Friday, June 22, 2012

This school year is almost done

Well, the schooling aspect for my two is done. My 14yo is spending lots of time doing art on the computer. Minecraft skins, to be exact--somehow or other, she started making skins that others liked and an increasing number of people have been asking her to make them skins. It's not something she can make money with right now, but it sure is bolstering her idea and faith in herself that she really could develop her talents into something that will provide for her.

My 11yo is doing pretty much as he pleases, which has actually been a lot of reading lately. Thing is, he's back to comic books and has been for sometime. I placed a limit on it: I told him that reading comics was fine, but they didn't help improve his reading level. He added in that it didn't help his writing because then he tended to put in capitals where he wasn't supposed to. (Observant boy!) I agreed with him, so I"ve said that I would just like him to spend some time each day reading a higher level book. He started with Superfudge, managed to lose the book the other day, slipped down to Geronimo Stilton (he had asked if it was okay, I kind of shrugged and said, "Well, it's an easier reading level than Superfudge," so he said he would just read more of it :D) and we still can't find the darn Superfudge. It's here somewhere. And no, he's not hiding it because he asked about just moving onto the next book in the series, but I said it would be better to read them in order.

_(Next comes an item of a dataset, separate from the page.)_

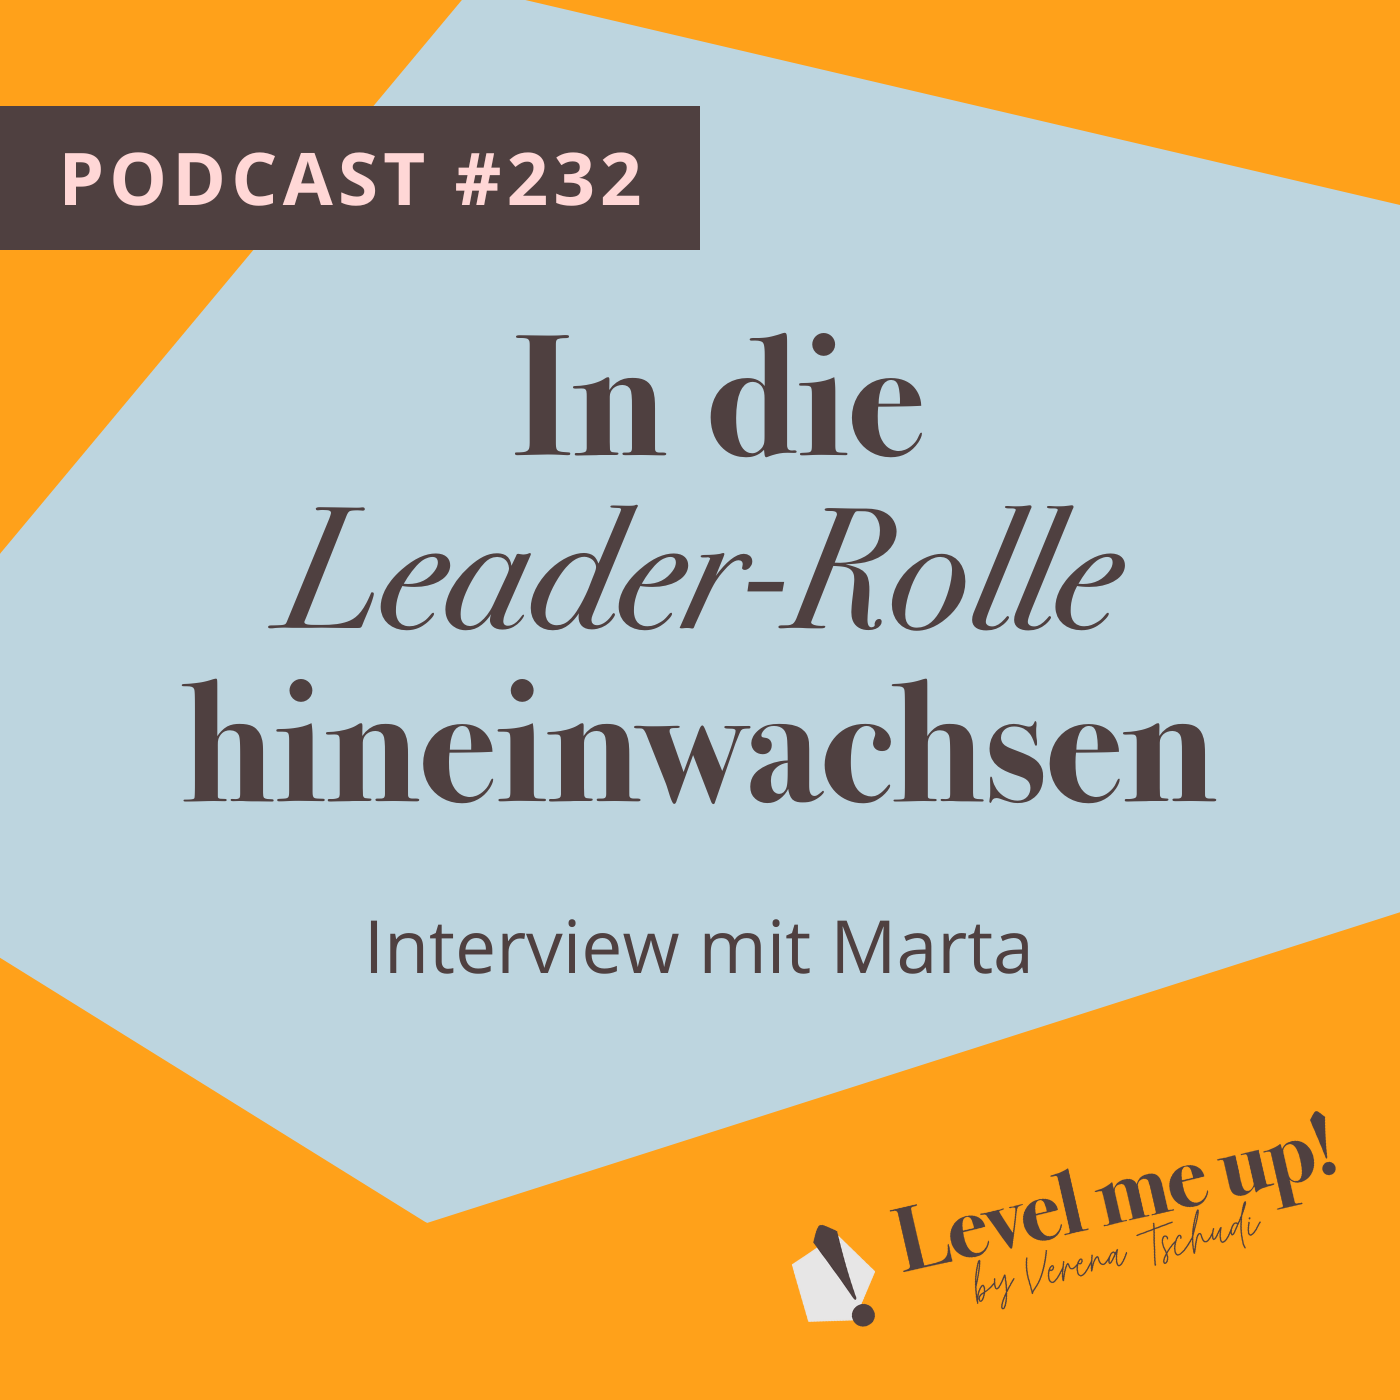 In die Leader-Rolle hineinwachsen, Interview mit Marta

School is still "in" for the grade 12 student I homeschool. He has a couple more major exams to do, and then he's officially done. He is very ready to be done! His last exam is on the 28th, so the last day we see him (well, on a school basis) will be Wednesday. We'll take a little break from studying to have a mini-party. (Which reminds me that I need to finish figuring out a graduation gift for him! And make him a card!)

I normally have sat down and started working out the next school year by now. I haven't this time. Life has been so busy in so many ways. I can't even keep on top of my email. Sure, I used to let my inbox get cluttered, but this is really a matter of I get about 10-15 minutes on the computer where I take care of my email and that's it. That's not nearly enough!

For my daughter, everything is already in place: she is doing online courses for her first year of high school and has already registered for them: English, Math, Science, Social Studies, Art, Phys. Ed., Religion and German. We will be doing a bit of French on the side with some other girls close to her age. That is one thing I do feel guilty about when I look at her schooling: I did not do nearly enough reading and writing work with her in French. It's her first language, after all! Ah well. She's smart enough that if she needs to, or wants to, have a high level later on, she'll be able to do it in no time.

For my son... *blank* Not entirely blank, but in that moment, it was a blank moment. I've had various thoughts about next year.

*Since he's still 11, turning 12 in September, and some of the academic skills aren't "up to snuff" because I unschooled him more than Montessori'ed him (lol), I'm thinking of looking at next year like a year in upper elementary. He doesn't feel to me at the Erdkinder stage, but I know that can change rapidly. I'll have to keep my eye on it. He has lost 5-6 baby teeth in the past couple of months. I've started nicknaming him "Toothless." These are signs of him changing. I'll perhaps have to consider the possibility of mixing a bit of Elementary with a bit of Erdkinder. Or maybe start with a lot of Elementary and gradually work in some Erdkinder principles. We'll see. I'll probably blog more about this over the summer. Right now, I'm thinking of the Great Lessons' focus and the Key Lessons. Of course, I don't have a whole lot of information about the Key Lessons, but I think that's okay. I think I will have to assign myself some Montessori reading this summer to get myself a little better "retrained" and thinking Montessori-style. I will have so much more time to really focus on Montessori this coming fall because the grade 12 student will be gone, as will my 4.5yo niece (off to full-time kindergarten) and the little guy I babysit a couple of times a week. I feel like my kids have been jipped a bit over the past years due to how much time everybody else takes. Although it's not just been that: part of it is their evening activities leave me acting as chauffeur and adding to the things I need to do in a day, weekends are now spent trying to get done all the things around the house and errands that weren't getting done during the week, and I have not had the energy nor the time to plan and prepare the way I have in the past. The joy at the thought of being able to do this with them in the fall--a feeling of "it's never too late"--is now encompassing that sadness and guilt. It isn't too late. :)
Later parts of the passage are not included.